J Med Chem. 2010 Mar 11;53(5):1917-22. doi: 10.1021/jm901099v.
6
Structural basis of the interaction between chemokine stromal cell-derived factor-1/CXCL12 and its G-protein-coupled receptor CXCR4.趋化因子基质细胞衍生因子-1/CXCL12 与其 G 蛋白偶联受体 CXCR4 相互作用的结构基础。
J Biol Chem. 2009 Dec 11;284(50):35240-50. doi: 10.1074/jbc.M109.024851. Epub 2009 Oct 18.
7
The phox domain of sorting nexin 5 lacks phosphatidylinositol 3-phosphate (PtdIns(3)P) specificity and preferentially binds to phosphatidylinositol 4,5-bisphosphate (PtdIns(4,5)P2).分选连接蛋白5的PX结构域缺乏磷脂酰肌醇3-磷酸(PtdIns(3)P)特异性,且优先结合磷脂酰肌醇4,5-二磷酸(PtdIns(4,5)P2)。
J Biol Chem. 2009 Aug 28;284(35):23697-707. doi: 10.1074/jbc.M109.008995. Epub 2009 Jun 24.
8
A region N-terminal to the tandem SH3 domain of p47phox plays a crucial role in the activation of the phagocyte NADPH oxidase.p47phox串联SH3结构域N端的一个区域在吞噬细胞NADPH氧化酶的激活中起关键作用。
Biochem J. 2009 Apr 15;419(2):329-38. doi: 10.1042/BJ20082028.
9
Mutations in the PX-SH3A linker of p47phox decouple PI(3,4)P2 binding from NADPH oxidase activation.p47phox的PX-SH3A连接区突变使PI(3,4)P2结合与NADPH氧化酶激活脱钩。
Biochemistry. 2008 Aug 26;47(34):8855-65. doi: 10.1021/bi8005847. Epub 2008 Aug 2.
10
Structure, regulation and evolution of Nox-family NADPH oxidases that produce reactive oxygen species.产生活性氧的Nox家族NADPH氧化酶的结构、调控与进化
FEBS J. 2008 Jul;275(13):3249-77. doi: 10.1111/j.1742-4658.2008.06488.x. Epub 2008 May 30.

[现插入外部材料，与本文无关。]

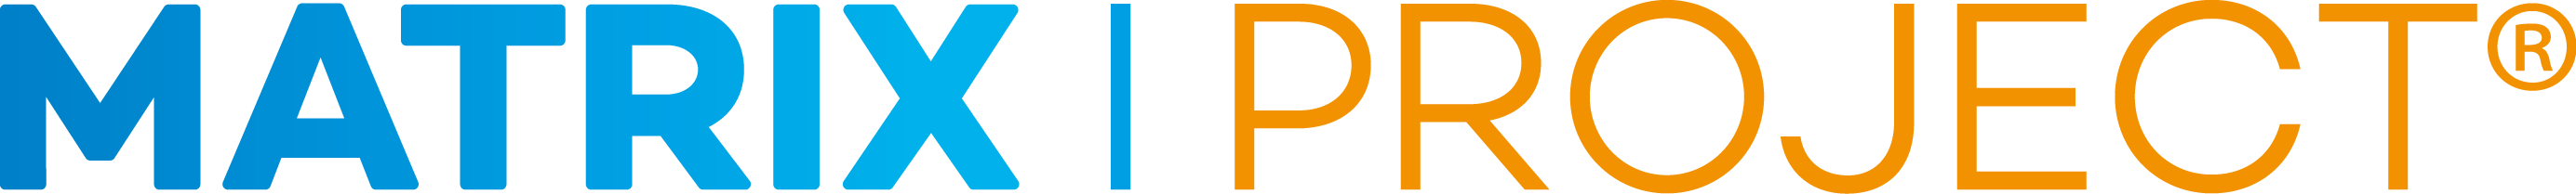 MatrixProject logo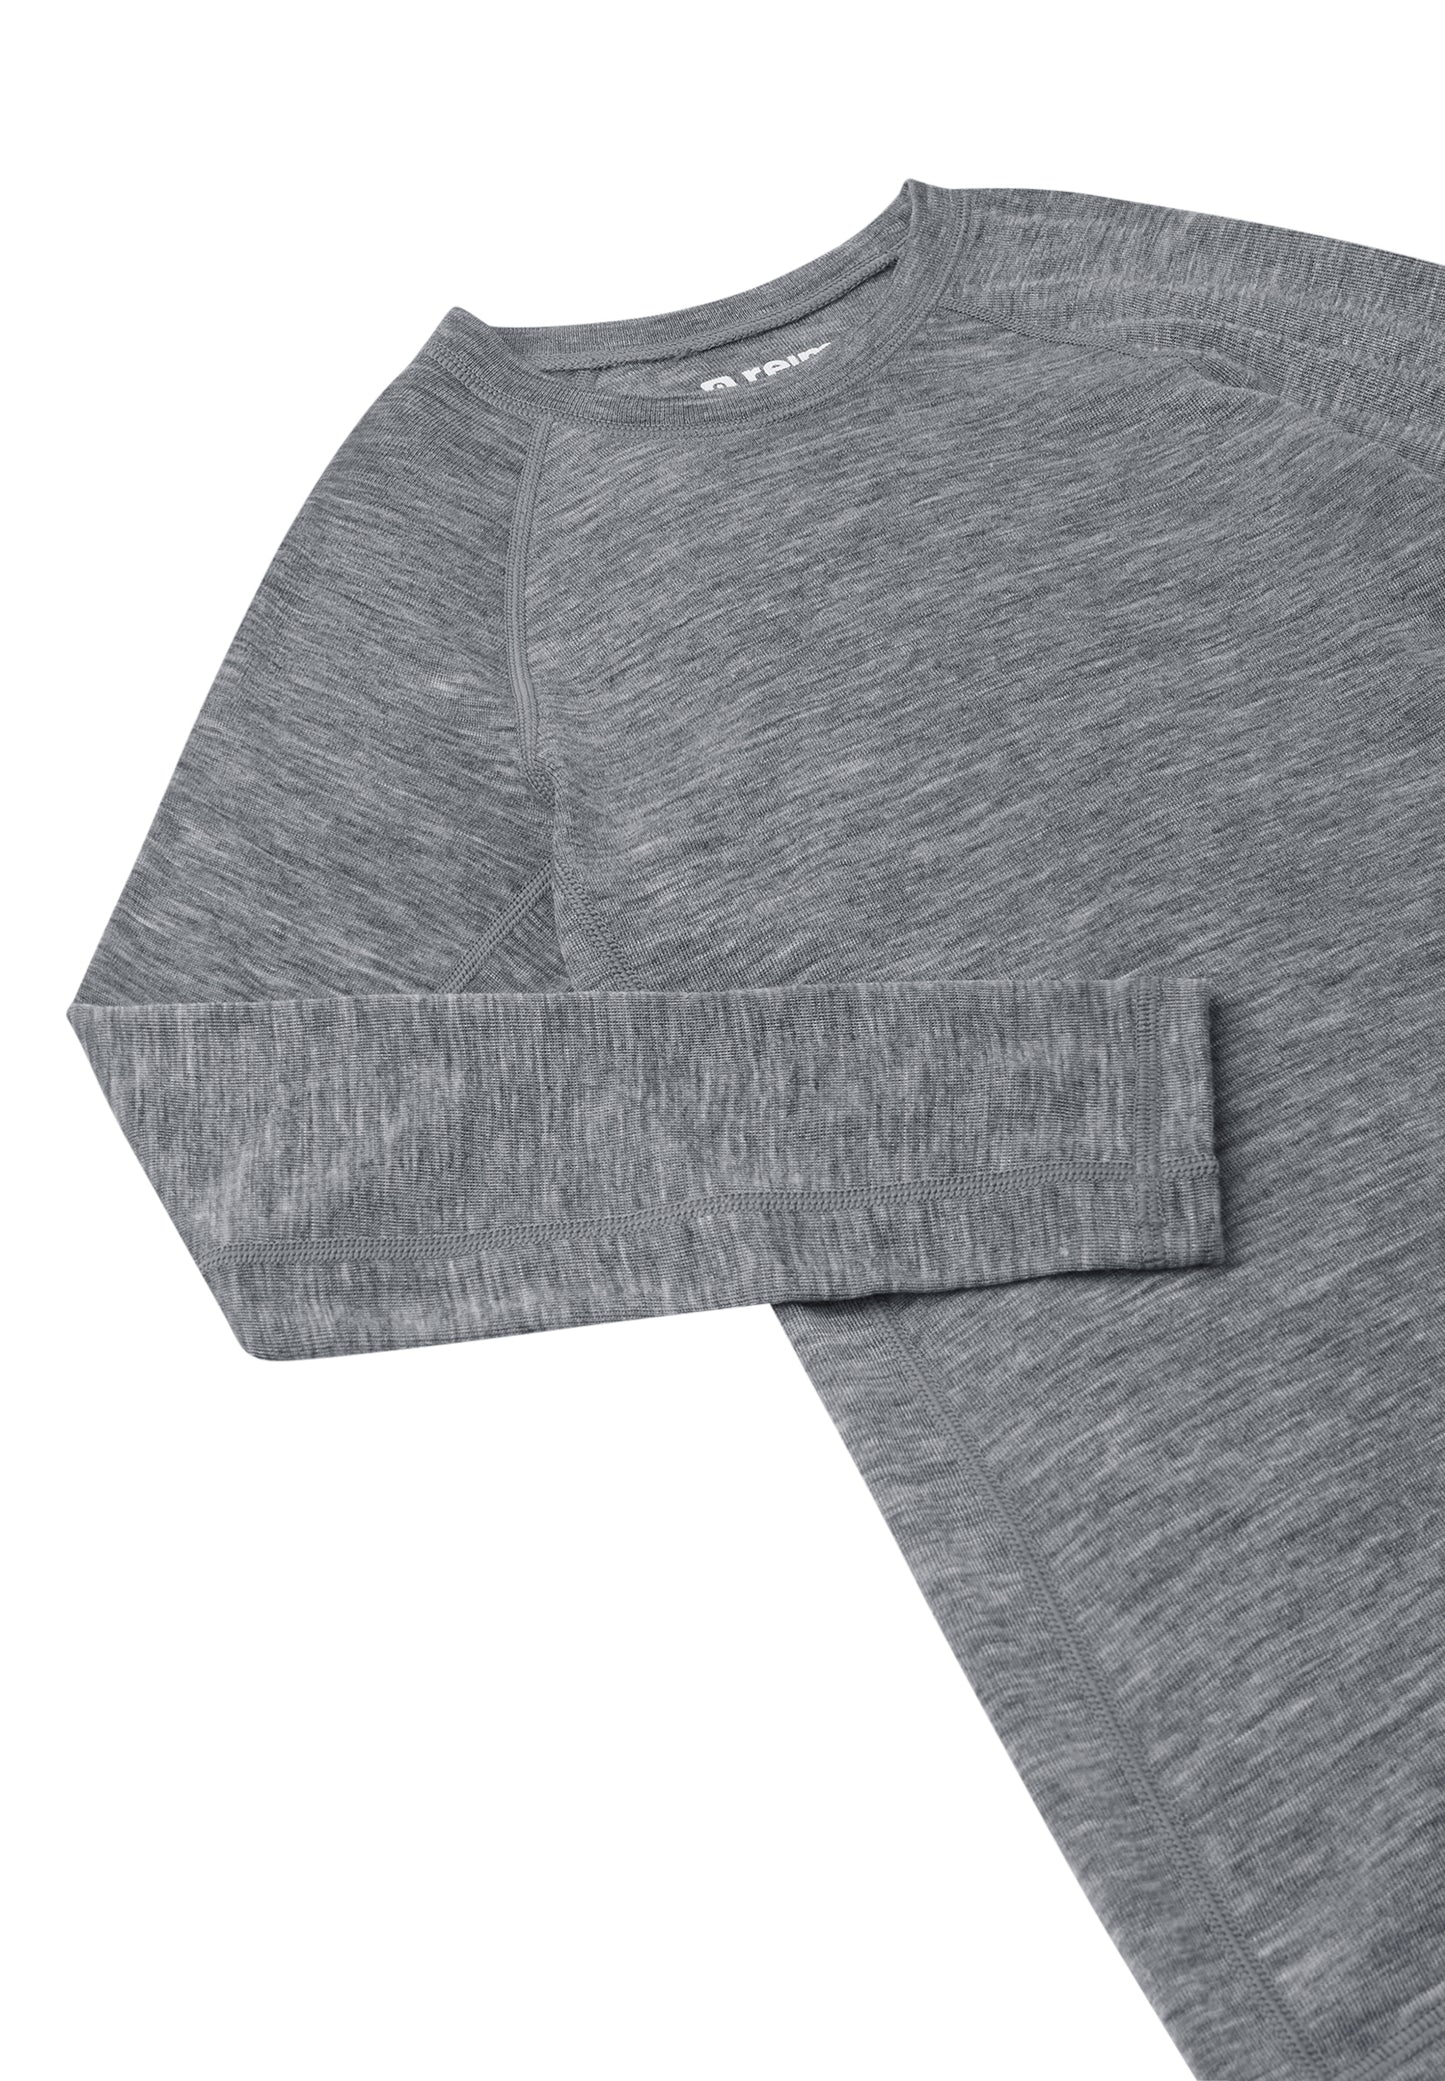 REIMA Thermo-Set Shirt+Hose Merinowolle/Tencel-Lyocell<br> Kinsei<br> Gr. 80 bis 160 <br> Merino/Tencel <br>natürlich&temperaturausgleichend<br> warm, 180g/m2 Dicke

通过 NMR 揭示 p47(phox) Phox 同源(PX)结构域上具有典型膜结合磷脂酰肌醇 3,4-二磷酸(PI(3,4)P2)结合位点。

Atypical membrane-embedded phosphatidylinositol 3,4-bisphosphate (PI(3,4)P2)-binding site on p47(phox) Phox homology (PX) domain revealed by NMR.

机构信息

Graduate School of Pharmaceutical Sciences, University of Tokyo, Tokyo 113-0033; Japan Biological Informatics Consortium, Tokyo 104-0032.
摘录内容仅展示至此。